> _Records_

--

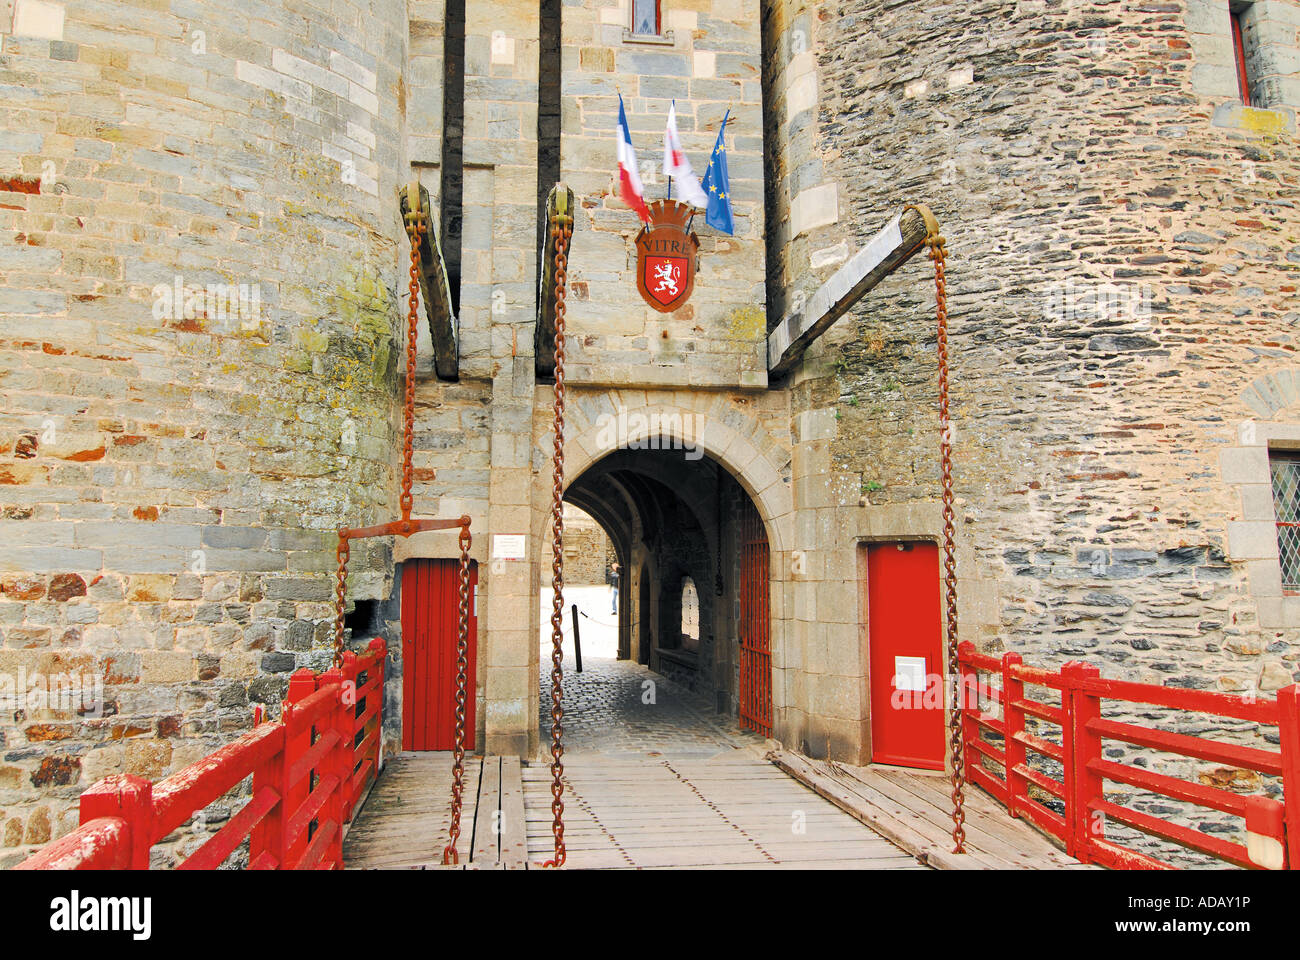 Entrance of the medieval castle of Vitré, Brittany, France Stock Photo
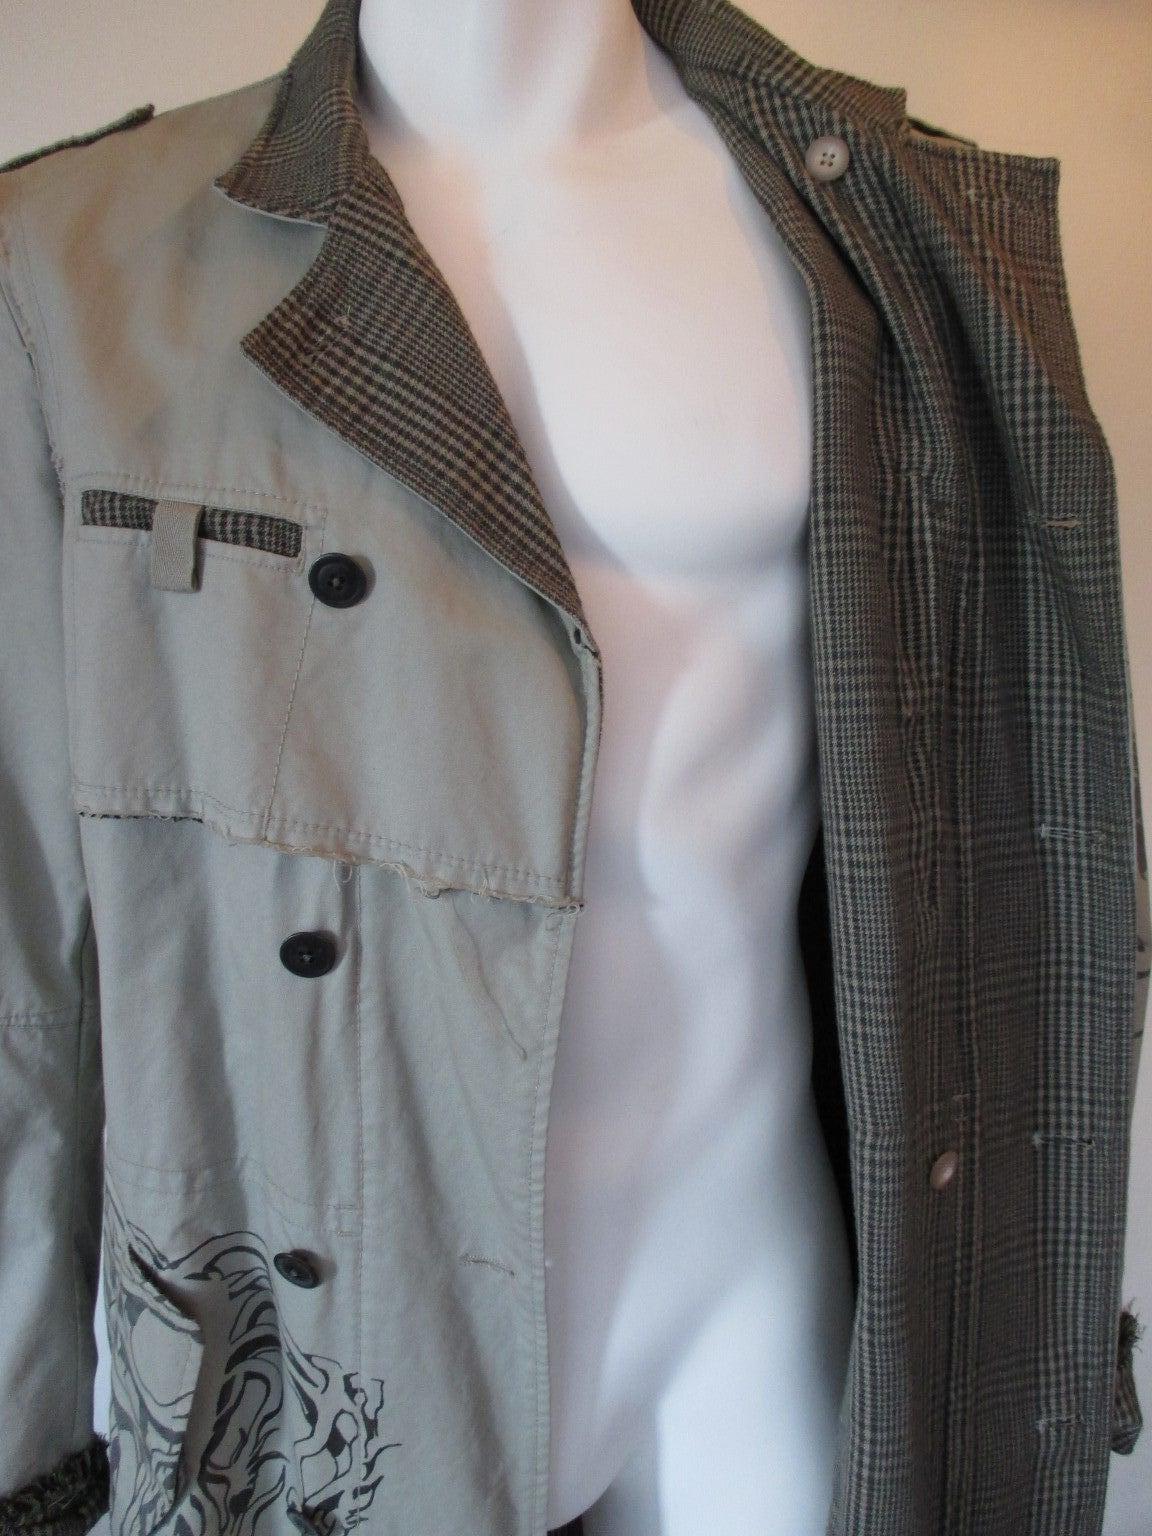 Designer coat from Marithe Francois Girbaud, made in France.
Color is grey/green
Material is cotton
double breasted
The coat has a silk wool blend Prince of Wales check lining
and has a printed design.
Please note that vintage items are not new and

--

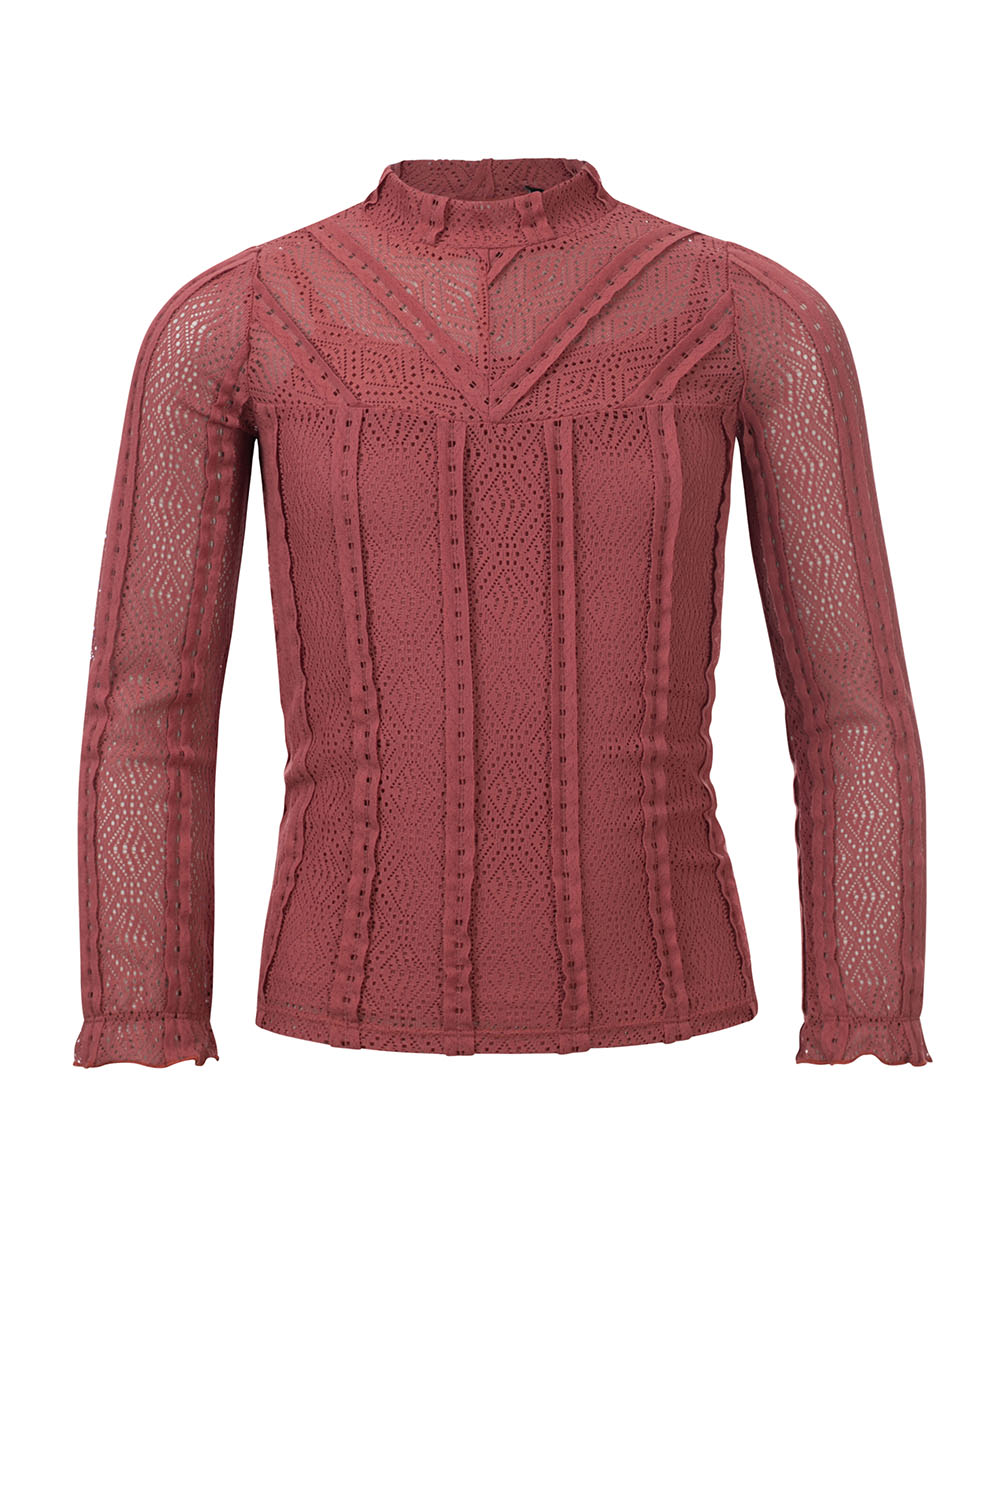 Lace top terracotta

--

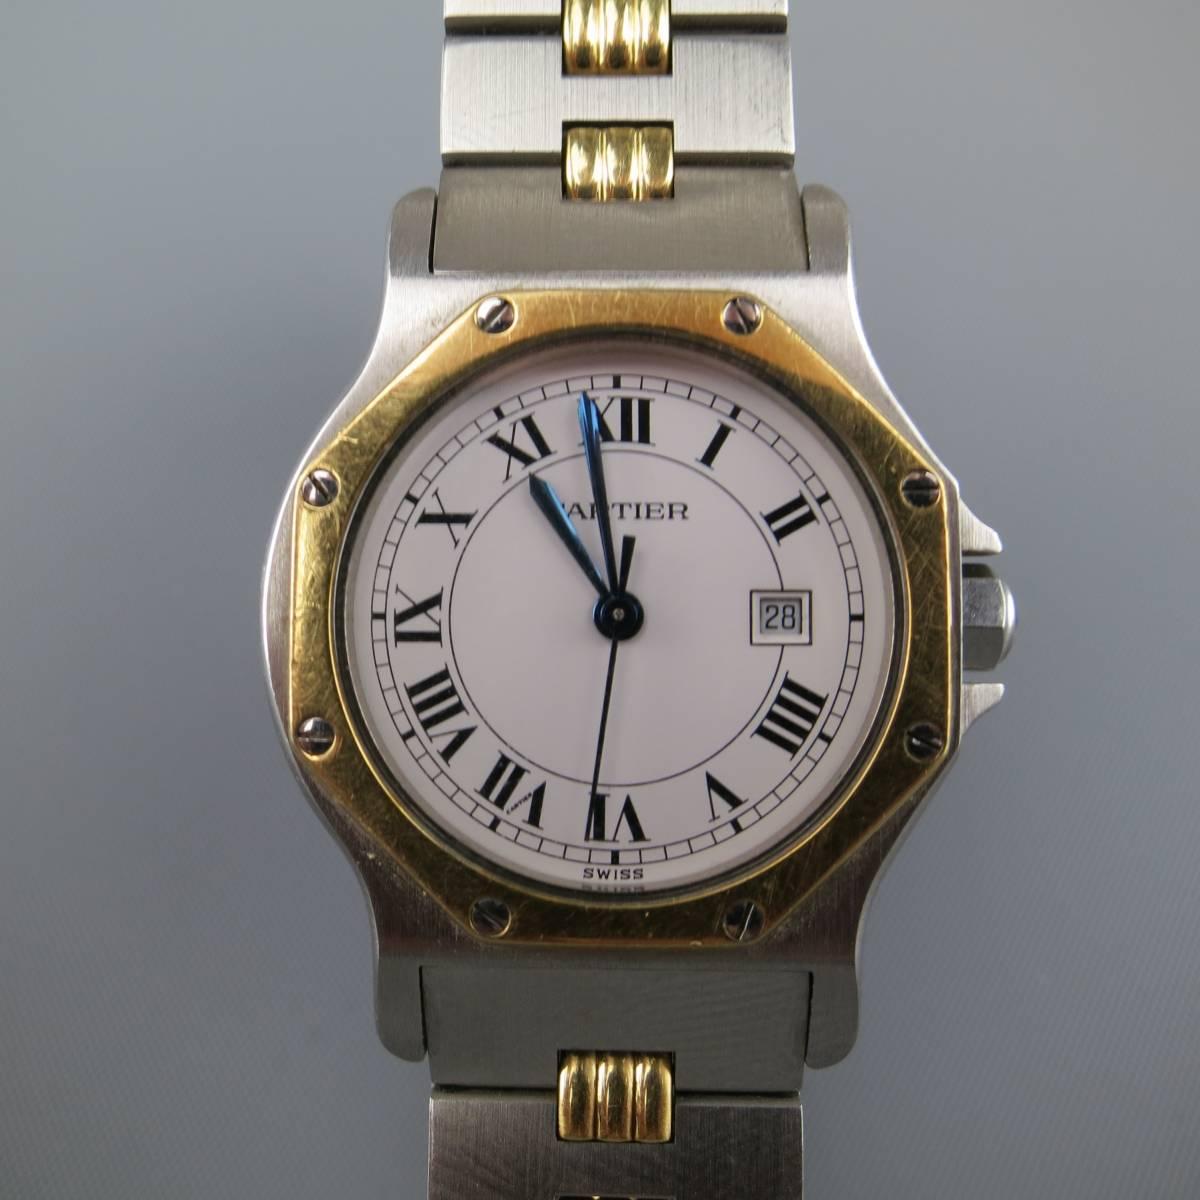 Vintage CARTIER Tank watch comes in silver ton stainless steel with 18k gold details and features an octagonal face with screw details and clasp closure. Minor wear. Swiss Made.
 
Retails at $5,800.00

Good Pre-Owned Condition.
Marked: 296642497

--

> _What is needed_
Reproduce exactly the stretch of the material above that starts at the line with "and has a printed design." and ends at the line with "Please note that", both included, and nothing else.

> _Task output_
and has a printed design.
Please note that vintage items are not new and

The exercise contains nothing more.